Homework 5 - How big is your data?

Background

Over the last year Reddit user Stuck_In_the_Matrix has been actively scraping Reddit making the data publicly available for researchers and other interested parties. The data is collected at the comment level, each entry contains a user’s comment along with relevant metadata (subreddit, date time, score, etc). This data is stored as text multiple JSON files, where each line is a separate JSON object. Due to the high volume of traffic on Reddit each of the monthly files is approximately 30 gigabytes. You will be responsible performing the following analysis tasks using Hadoop and/or Spark.

Task 1 - What’s popular with Redditors?

Each comment belongs to a particular subreddit, we would like to know for the given time period what were the 25 most popular subreddits? We would also like to have this broken down by month (Jan to May) - create a Billboard-like table for each month that shows the top 25 subreddits for that month that also includes the change in rank since the previous month. Comment on any subreddits that show a strong positive or negative trend.

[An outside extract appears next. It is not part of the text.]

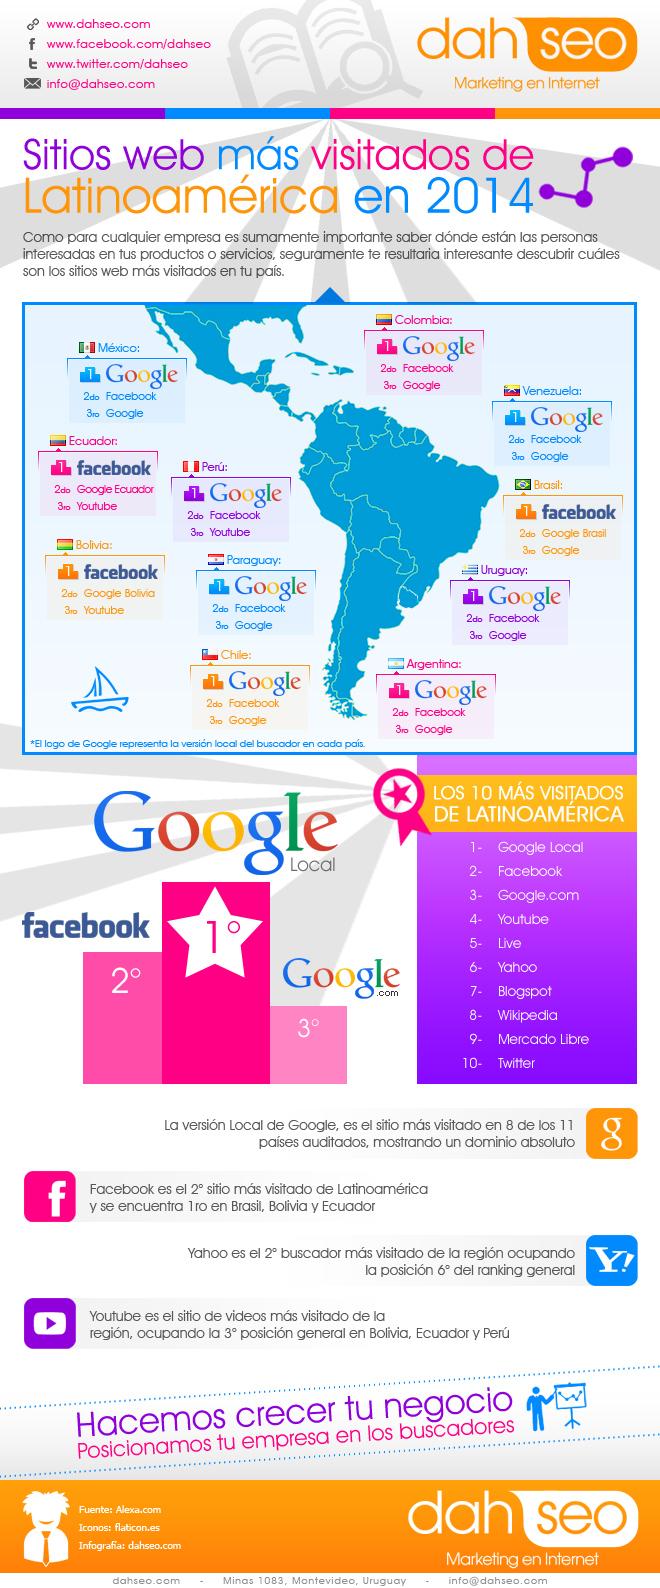 Infografia-sitios-mas-visitados-latinoamerica-2014
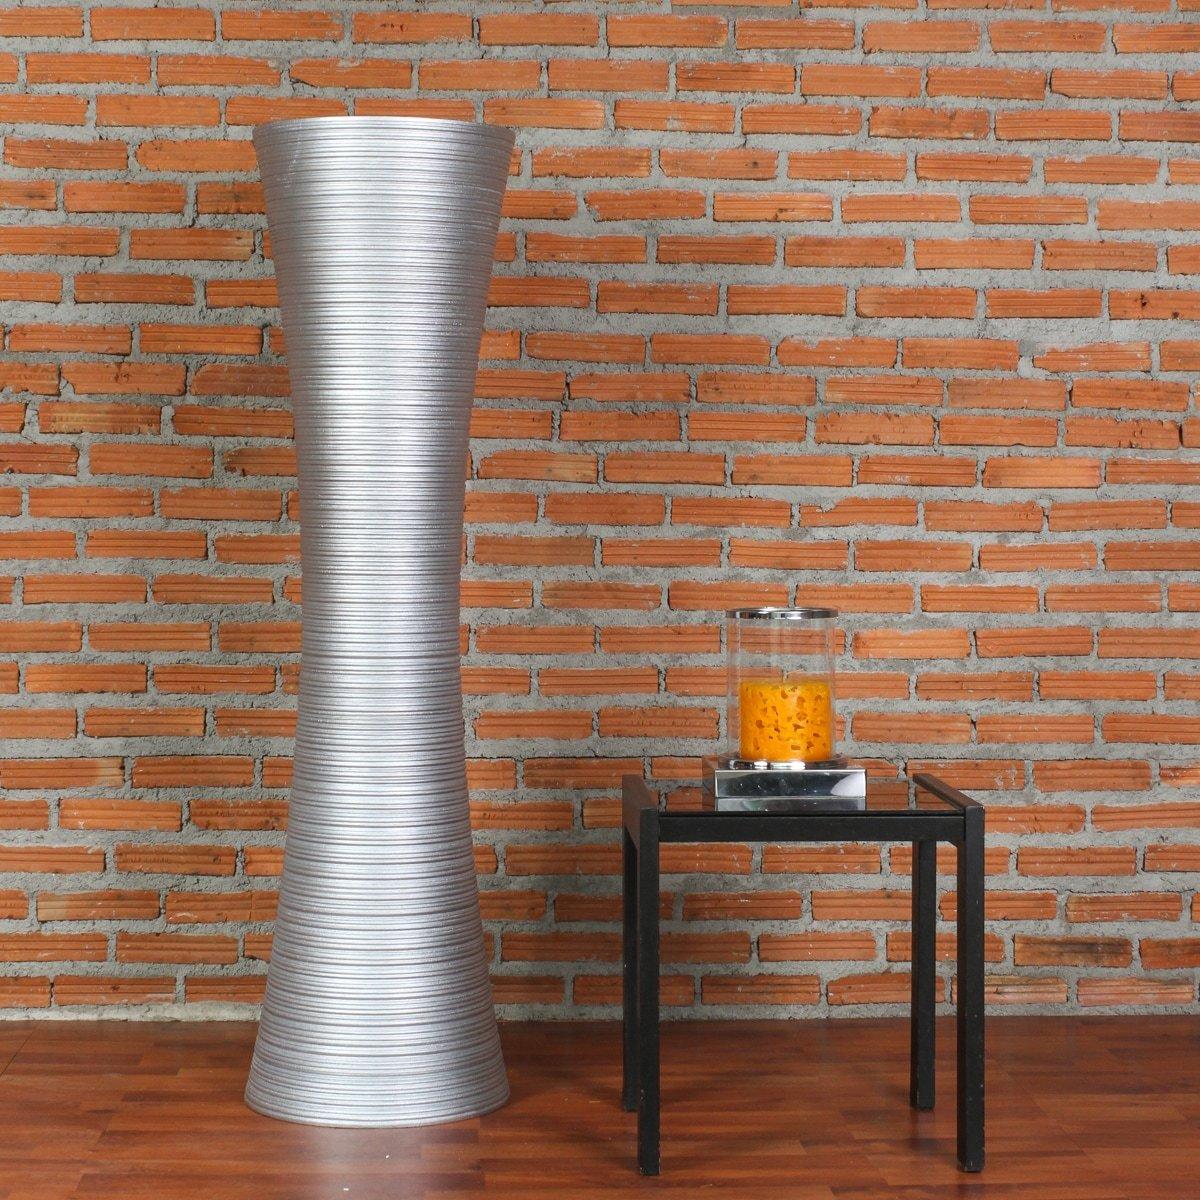 Leewadee Große Große Große Bodenvase für Dekozweige hohe Standvase Design Holzvase, 30x112 cm, Holz, silberfarben cf88a6

Task 2 - When do Redditors post?

Create plots that show the frequency of Reddit comments over the entire time period (aggregate to an hourly level). Also create plots that show the frequency of comments over the days of the week (data should again be at an hour level). Comment on any patterns you notice, particularly days with unusually large or small numbers of comments.

Recreate the above plots but only for comments that were gilded (commentor was given Reddit gold by another user). Comment on the similarly or difference in the plot collections.

Task 3 - What are Redditors saying (on Valentine’s Day)?

Valentine’s day is on February 14 every year, our data contains this for 2015 - pick two other dates and perform a word frequency analysis of these three days and see if what Redditors say on Valentine’s day appears to be different from your control days. This does not need to be a fully quantitative analysis but do make sure to clean up the data (e.g. strip things like punctuation and capitalization, remove stop words, etc.)

Data

The data is available on saxon via HDFS in the /data/ directory as RC_2015-01.json, RC_2015-02.json, RC_2015-03.json,RC_2015-04.json, RC_2015-05.json respectively. A subsets of RC_2015-01.json with 1,000,000 and 1,000 comments are available as short_1e6.json and short_1e4.json respectively - these files are available on saxon’s HDFS as well as in /data/Sta523/reddit on the regular filesystem. It is recommended that you start your analyses with the smaller datasets and work your way up in size.

Work Product

hw5.Rmd - write up detailing the specifics of your implementation (e.g. query approach)
mapreduce/spark jobs - I recommend having one separate file per task that contains the related mapreduce / spark implementation. These files should perform the query and save the result to a local Rdata file (these should not be commited, but should be used by hw5.Rmd so the jobs don’t need to be rerun).
Makefile - write a Makefile that will run all of the necessary mapreduce / spark jobs and then compile hw5.Rmd.

Submission and Grading

This homework is due by 2 pm Saturday, December 5th. You are to complete the assignment as a group and to keep everything (code, write ups, etc.) on your team’s github repository (commit early and often). All team members are expected to contribute equally to the completion of this assignment and group assessments will be given at its completion - anyone judged to not have sufficient contributed to the final product will have their grade penalized. While different teams members may have different coding backgrounds and abilities, it is the responsibility of every team member to understand how and why all code in the assignment works.